A new study has provided new insights into solving the mystery of how Ice Age giants suddenly died out thousands of years ago.
Science 2.0 reports that research led by the Australian Centre for Ancient DNA (ACAD) at the University of Adelaide has discovered that a perfect storm created by a combination of a rapidly warming climate and the arrival of humans wiped out elephant-sized sloths, humongous bears and giant sabre-toothed cats that had once lived on the windswept plains of Patagonia in South America.
The timing and the reason for this sudden mass extinction 12,300 years ago was unsolved for centuries. Now, scientists have a better idea of what really happened. Lead author Professor Alan Cooper, Director of ACAD, says that, “Patagonia turns out to be the Rosetta Stone – it shows that human colonisation didn’t immediately result in extinctions, but only as long as it stayed cold.”
Instead, more than 1000 years of human occupation passed before a rapid warming event occurred, and then the megafauna were extinct within a hundred years.
Patagonia is a remote location at the southernmost tip of South America, shared by Chile and Argentina. It has some of the richest archeological findings dating back to at least the 13th millennium BC. Animal remains and traces of human occupation have been found in caves throughout the area, such as in Cueva del Milodon and Tres Arroyos.
There have been numerous discoveries of gigantic animals that had lived in Patagonia, including dinosaur fossils like the Carolinii, the largest carnivorous dinosaur that surpassed even the Tyrannosaurus Rex in size. Other similar remains discovered in Australia, showing that the South American continent was connected to Australia at one point in geological history. The area has provided plenty of valuable information into human migration and animal life over thousands of years, but much of Patagonia’s history remains unclear to scientists until now.
The international team of researchers, including some from the University of Colorado Boulder, the University of Magallanes in Patagonia and the University of New South Wales, reviewed ancient DNA taken from 89 radiocarbon-dated bones and teeth that had been found in caves and rock shelters across Patagonia and Tierra del Fuego to determine the genetic history of the extinct species.

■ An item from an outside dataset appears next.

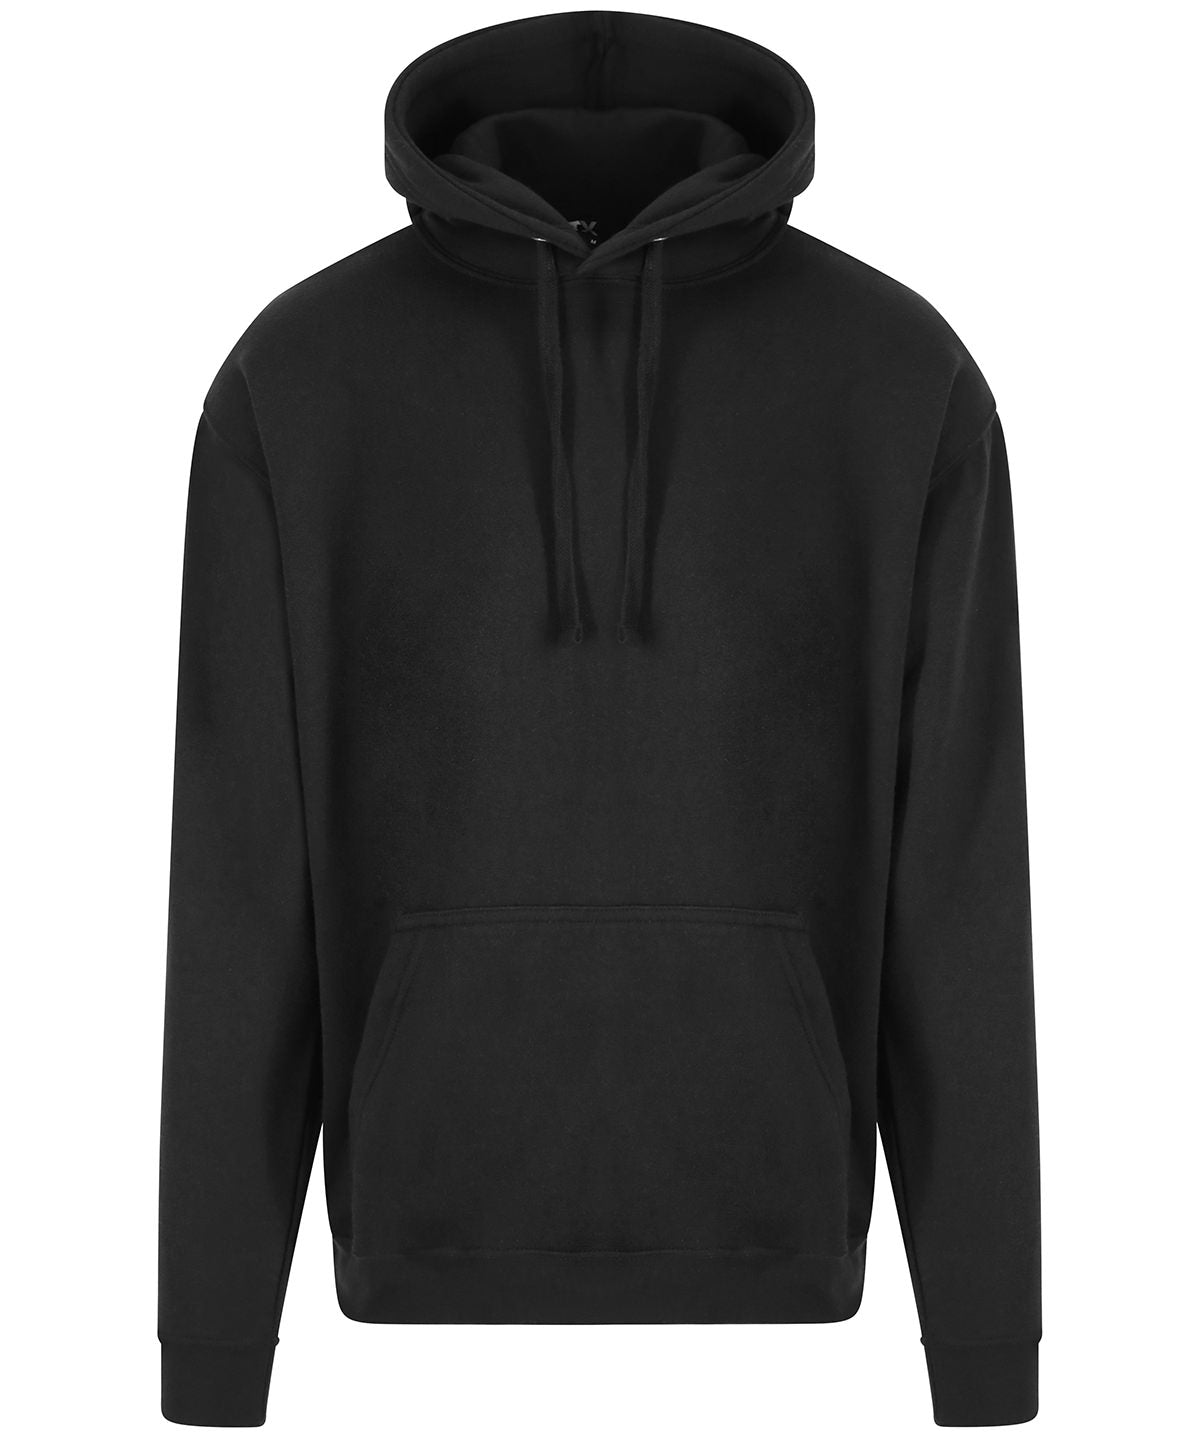 Classic VW Cup Unisex Hoodie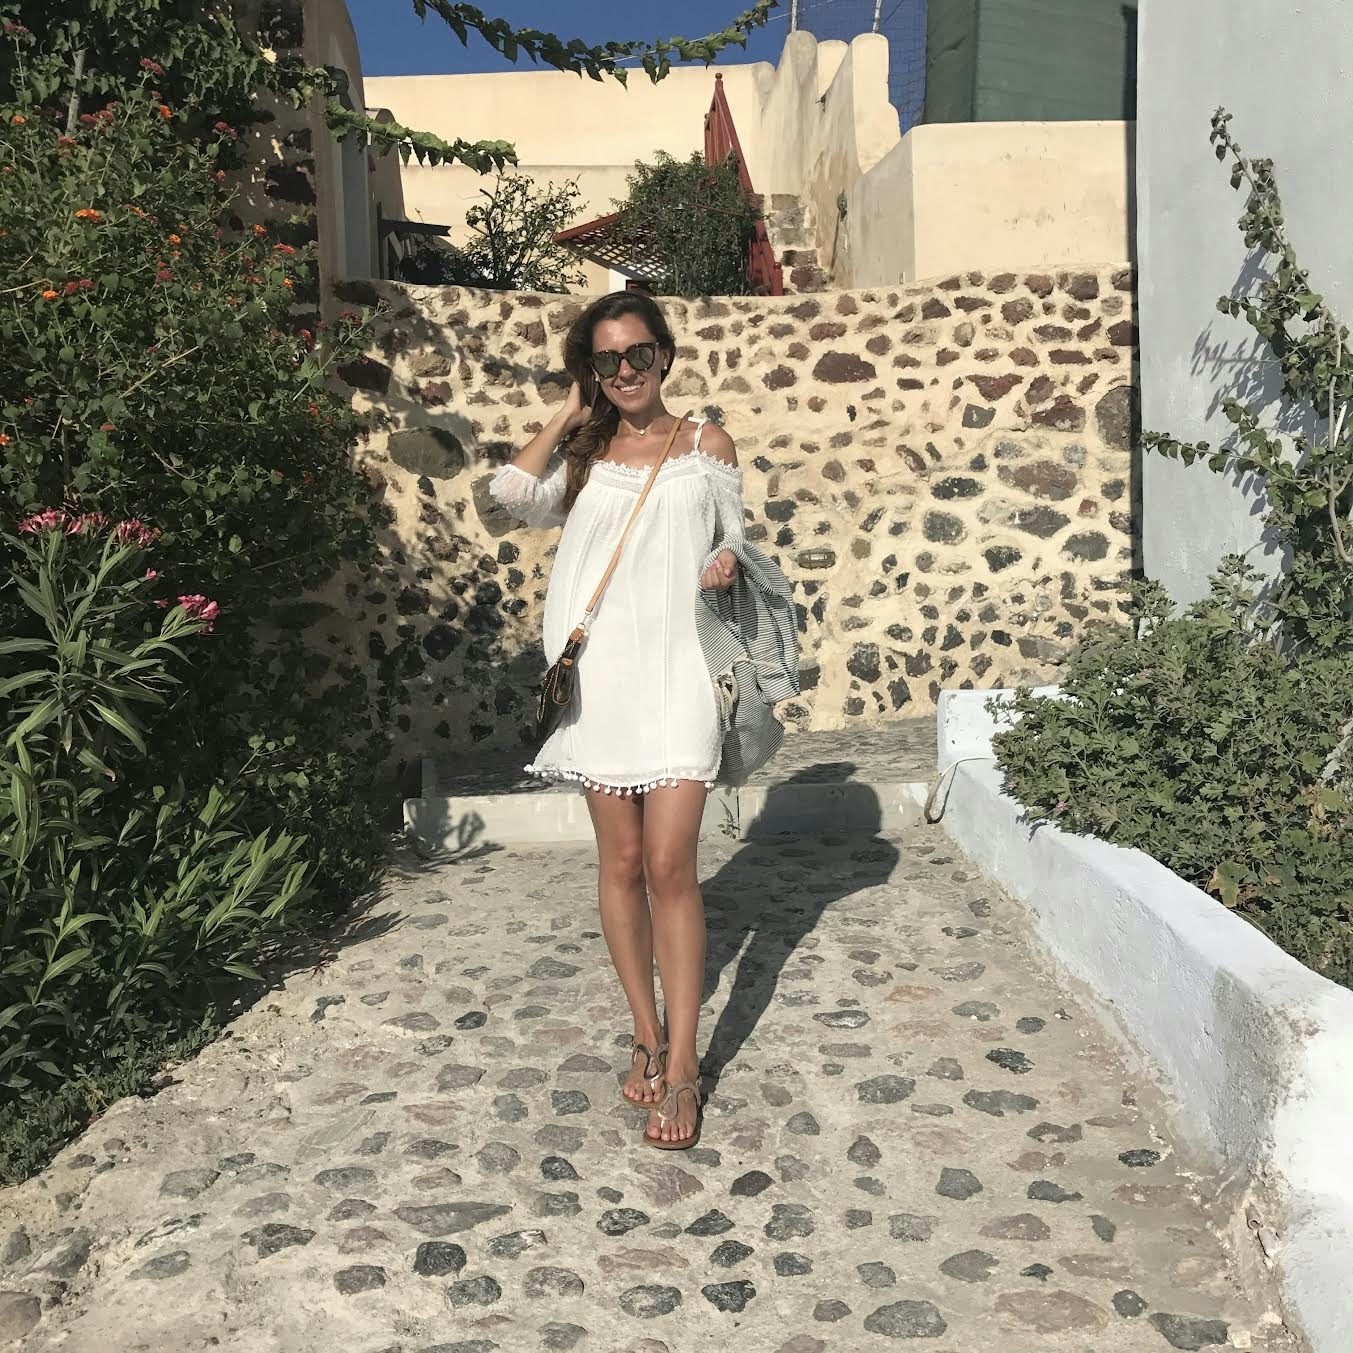 Travel advisor Megan in white dress standing on a cobbled walkway with white wall and buildings in view

The studies showed that animals such as the South American horse, the giant jaguar, the sabre-tooth cat and the behemoth one-ton short-faced bear – the biggest land-based mammal carnivore – had once roamed Patagonia in large numbers, then disappeared shortly after humans arrived in the area.
Humans had been in Patagonia for around 1000 years before the animals started going extinct, living with them through a cold period known as the Antarctic Cold Reversal. During this time, the Earth was warming as it emerged from the last glacial period, but suddenly cooled down for around 1,500 years. When things started getting warm rapidly again, much of the ice in Patagonia began melting, allowing trees and other flora to grow, which in turn began changing the animals’ original habitats.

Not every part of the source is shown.